Policy trend maps

Much of CCHP’s work is dedicated to identifying and tracking how different definitions of telehealth influence policy across the US. This is a snapshot of some of our findings. Please note: there are nuances in many of the policies. To fully understand a specific policy and all its intricacies, the full language of it must be read.

Live Video Medicaid Reimbursement

Fifty states and Washington DC provide reimbursement for some form of live video in Medicaid fee-for-service. Both the jurisdictions of Puerto Rico and Virgin Islands do not indicate they reimbursement for live video in their Medicaid programs. The most predominantly reimbursed form of telehealth is live video, with every state offering some type of live video reimbursement in their Medicaid program. However, what and how it is reimbursed varies widely with some Medicaid programs limiting the types of reimbursable services and placing additional requirements and restrictions such as provider type and originating site stipulations. Map based on research conducted between January-March 2023.

No live video reimbursement
Live video reimbursement

Store and Forward Medicaid Reimbursement

Twenty-eight state Medicaid programs reimburse for store-and-forward. However, three states (IL, NC, and OH) solely reimburse store-and-forward as a part of Communications Technology Based Services (CTBS), which is limited to specific codes and reimbursement amounts. This number does not include states that only reimburse for teleradiology. Of those states that do reimburse for store and forward services, some have limitations on what qualifies for reimbursement. The states that only allow store-and-forward reimbursement through CTBS are identified with the color purple in the map. Map based on research conducted between January-March 2023.

No reimbursement for Store and Forward
Reimbursement for Store and Forward
Store and Forward only reimbursed through CTBS

Remote Patient Monitoring Medicaid Reimbursement

Thirty-four state Medicaid programs provide reimbursement for RPM. No new states added reimbursement for RPM since Fall 2022.  Many of the states that offer RPM reimbursement also have a multitude of restrictions associated with its use.  The most common of these restrictions include only offering reimbursement to home health agencies, restricting the clinical conditions for which symptoms can be monitored, and limiting the type of monitoring device and information that can be collected. States that only allow remote patient monitoring through CTBS are identified with the color orange in the map. Four of the states reimburse only for specific remote patient monitoring CTBS codes, including California, Massachusetts, Hawaii, and West Virginia. Map based on research conducted between January-March 2023.

No reimbursement for Remote Patient Monitoring
Remote Patient Monitoring only reimbursed through CTBS
Reimbursement for Remote Patient Monitoring

Telephone Medicaid Reimbursement

Thirty-six states and DC Medicaid programs reimburse for audio-only telephone in some capacity; however, often with limitations.  The number of states reimbursing audio-only more than doubling between Spring 2021 and Fall 2022. However, only two states have added reimbursement for audio-only telehealth since, indicating a slowdown in the pace of policy changes in this regard.  Sometimes Medicaid programs only reimburse specific specialties such as mental health, or for specific services such as case management. Map based on research conducted between January-March 2023.
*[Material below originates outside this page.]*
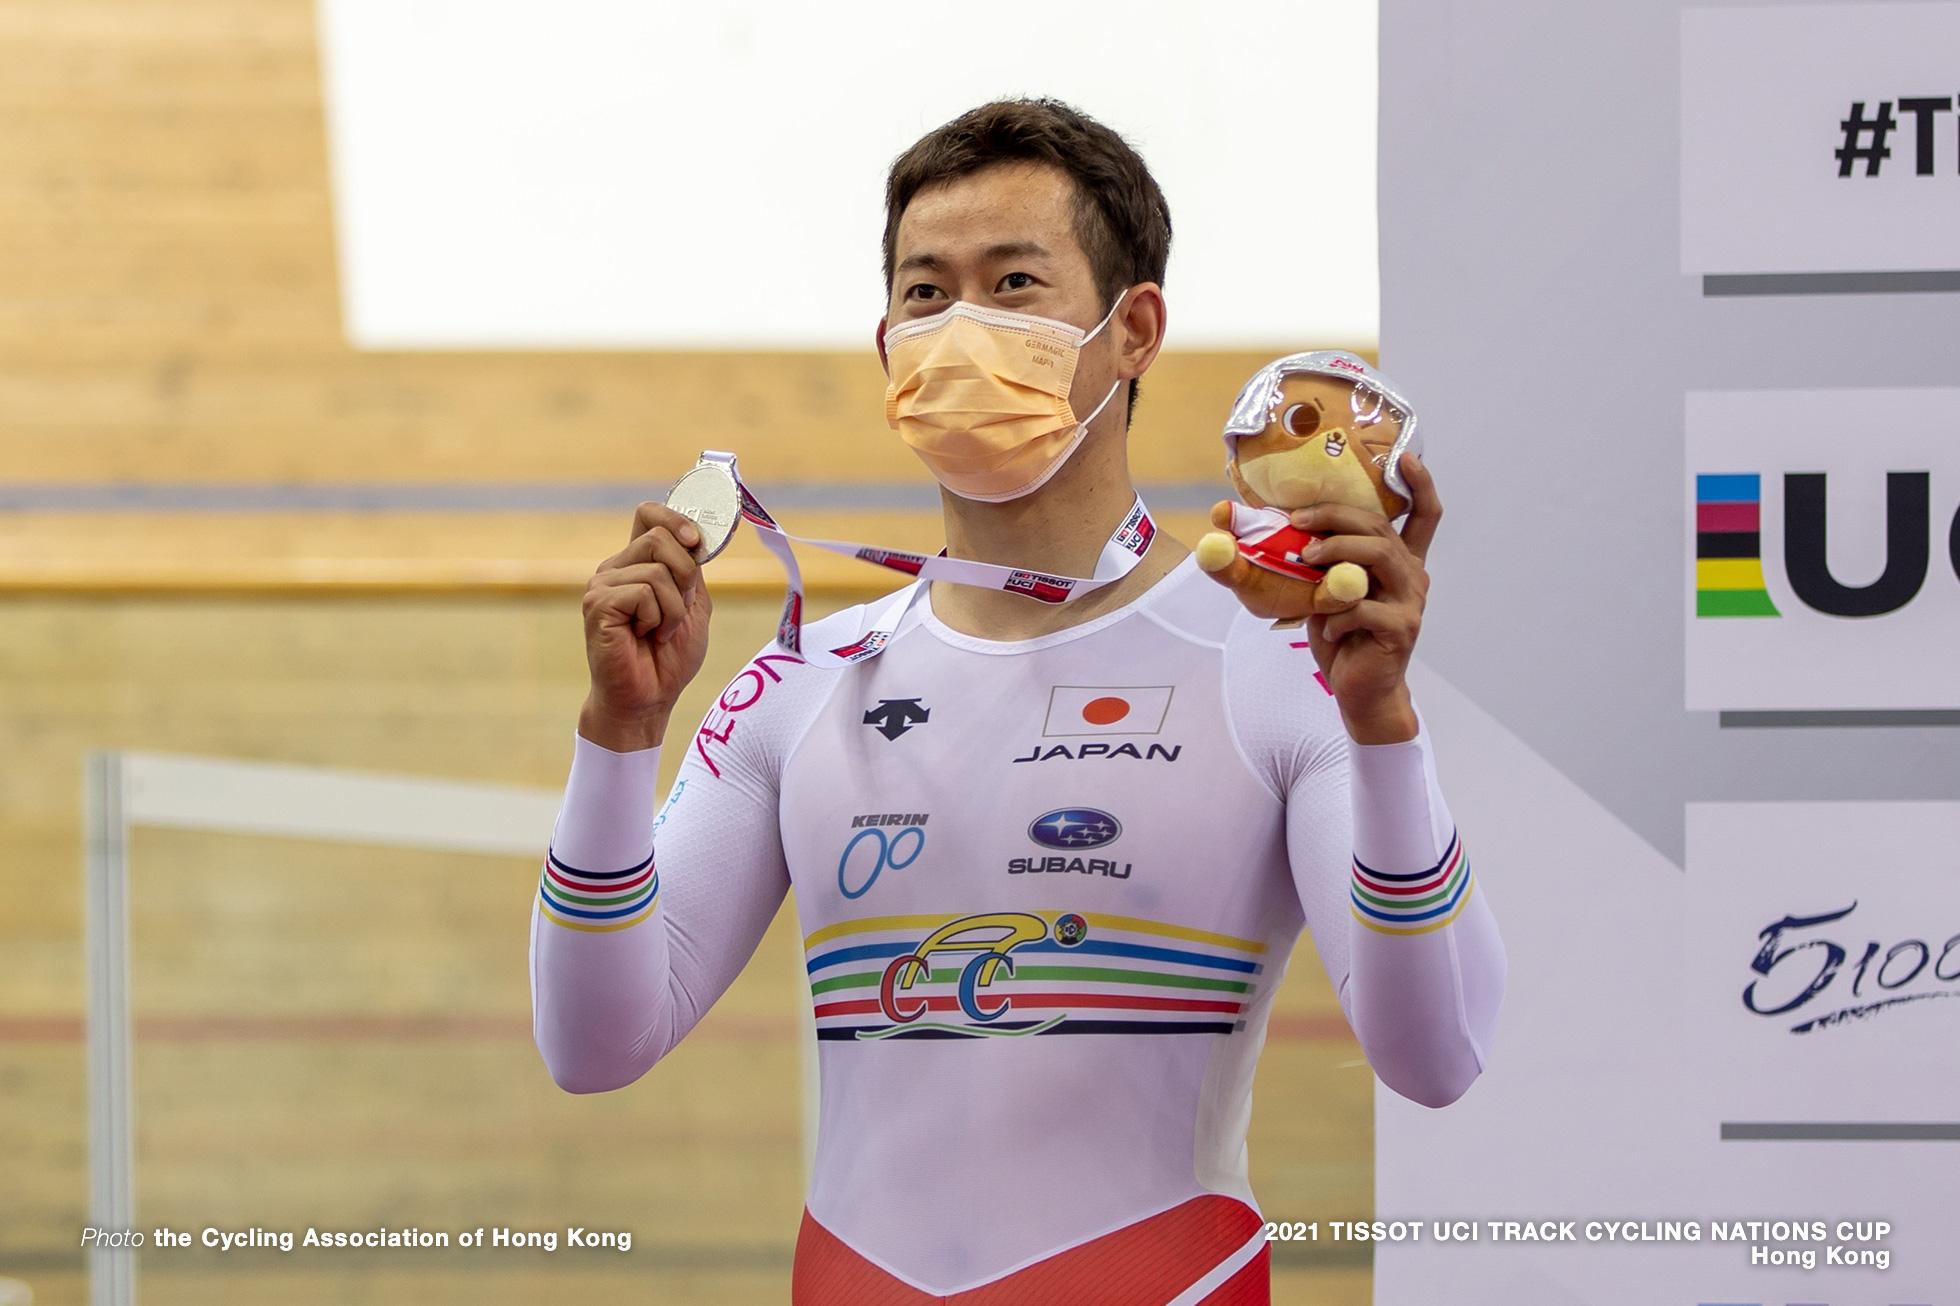 Men's Keirin, TISSOT UCI TRACK CYCLING NATIONS CUP - HONG KONG

No reimbursement for telephone
Reimbursement for telephone

Facility Originating Site Restrictions

Restricting reimbursable telehealth services to only rural or underserved areas is decreasing, but it’s still fairly common for state Medicaid programs to limit the type of facility that may be an originating site, which can either include or exclude the home or school as a reimbursable site. Currently, 16 states and DC have a specific list of sites that can serve as the originating site for a telehealth encounter. Map based on research conducted between January-March 2023.
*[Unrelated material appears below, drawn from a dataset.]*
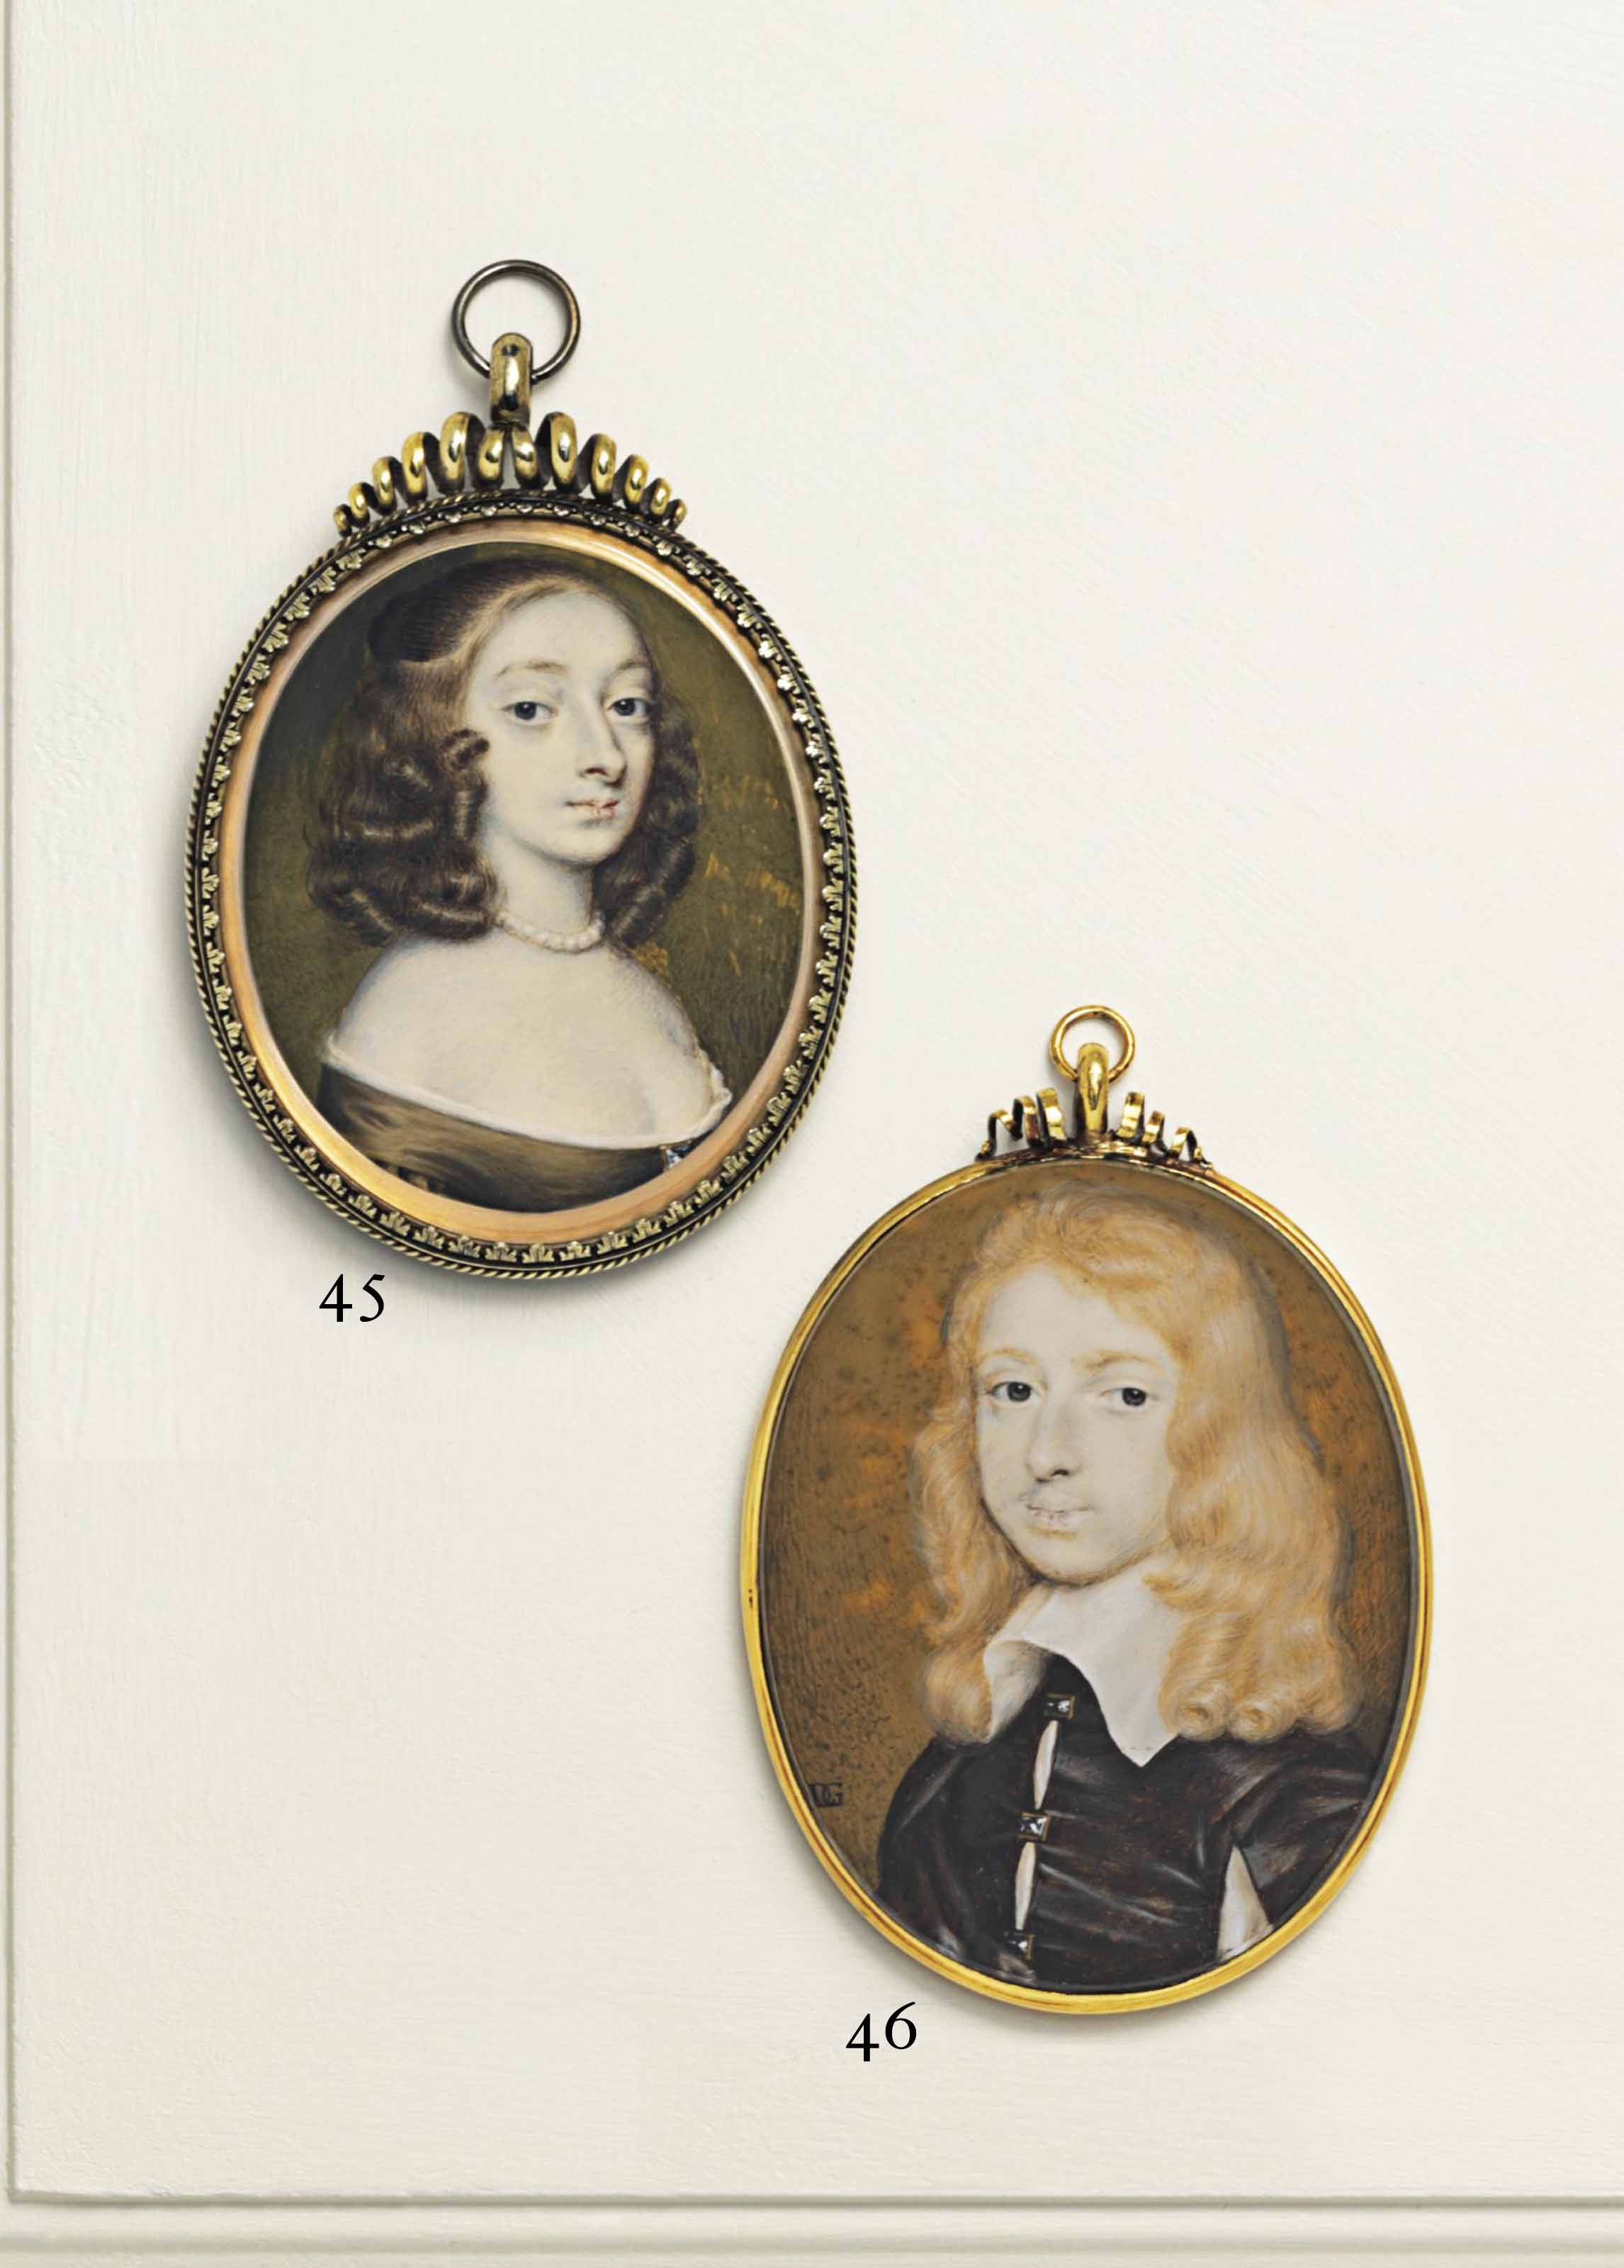 RICHARD GIBSON (BRITISH, 1615-1690)

No specific originating site list or restriction
Has a billable originating site list or restriction

Transmission & Facility Fees

Thirty-six states will reimburse either a transmission, facility fee, or both. Of these, the facility fee is the most common. Policies often stipulate a specific list of facilities eligible to receive the facility fee. Map based on research conducted between January-March 2023.

Does not reimburse
Transmission / facility fee reimbursed

Private Payer Laws

Telehealth private payer laws is one of the areas of telehealth policy that has seen the most growth since our first report in 2012, though no new states have added private payer laws since Fall 2022. Forty-three states, the District of Columbia and Virgin Islands have a private payer law that addresses telehealth reimbursement. Additionally, twenty-four of these states have an explicit requirement for payment parity within the law. States with payment parity are identified in the map with the color green. Map based on research conducted between January-March 2023.
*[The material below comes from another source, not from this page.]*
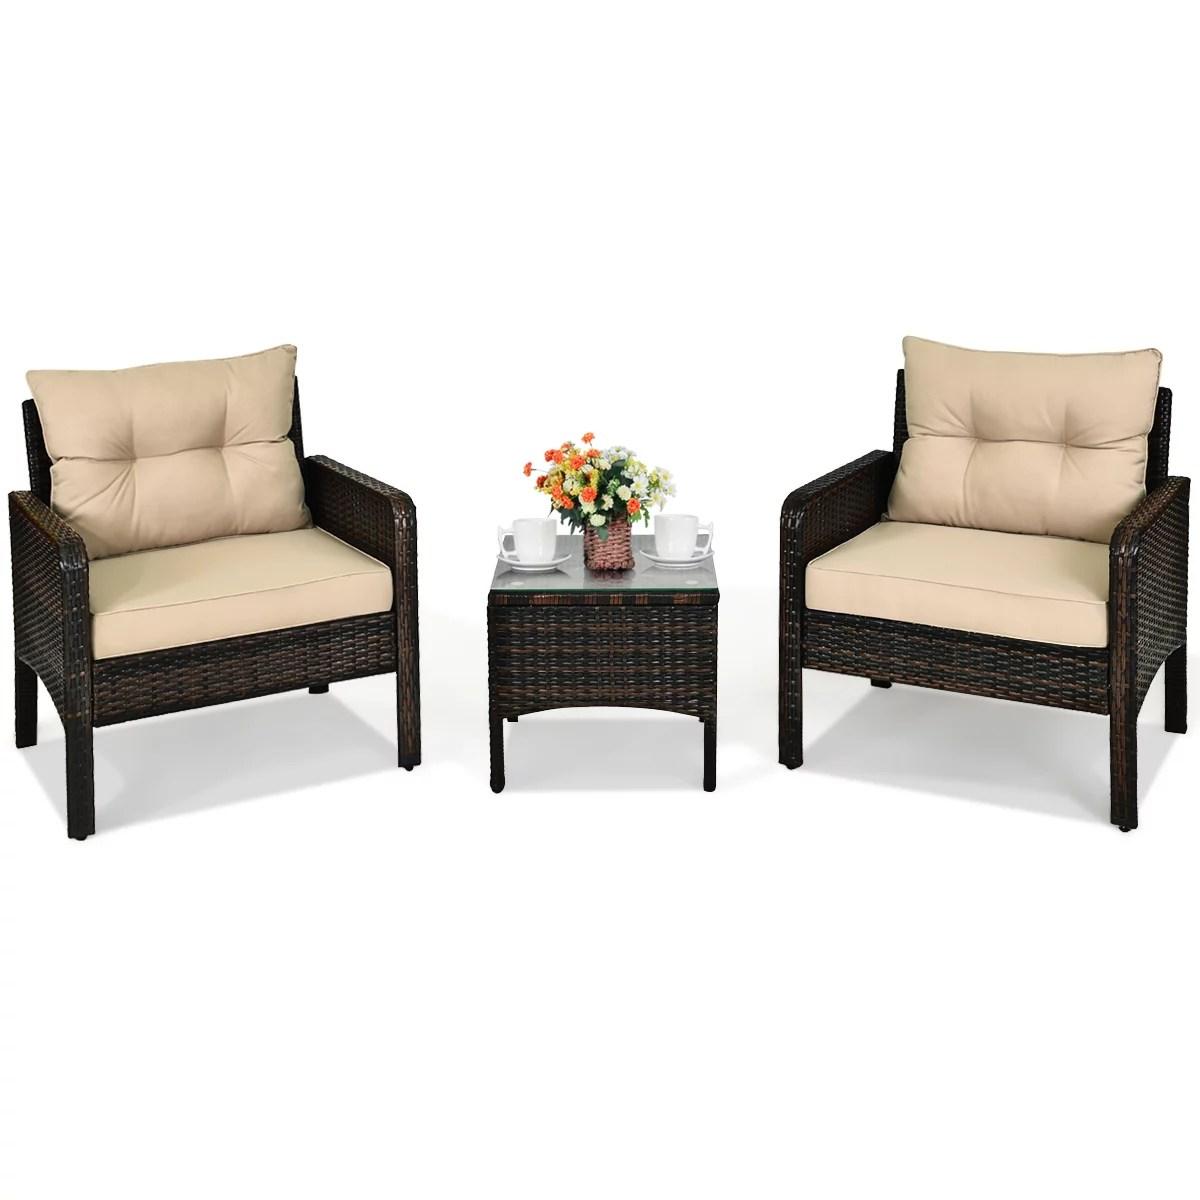 costway 3pcs outdoor rattan conversation set patio garden cushioned sofa chair turquoise

Private payer law does not exist
Explicit payment parity for at least one specialty
Private payer law exists

Consent Requirements

Forty-four states, the District of Columbia and Puerto Rico include some sort of informed consent requirement in their statutes, administrative code, and/or Medicaid policies. This requirement can sometimes apply to the Medicaid program, a specific specialty or all telehealth encounters that occur in the state, depending on how and where the policy is written. In Medicare this requirement is exclusive to communication technology-based service (CTBS) codes where the patient needs to be made aware of any cost sharing responsibility. Map based on research conducted between January-March 2023.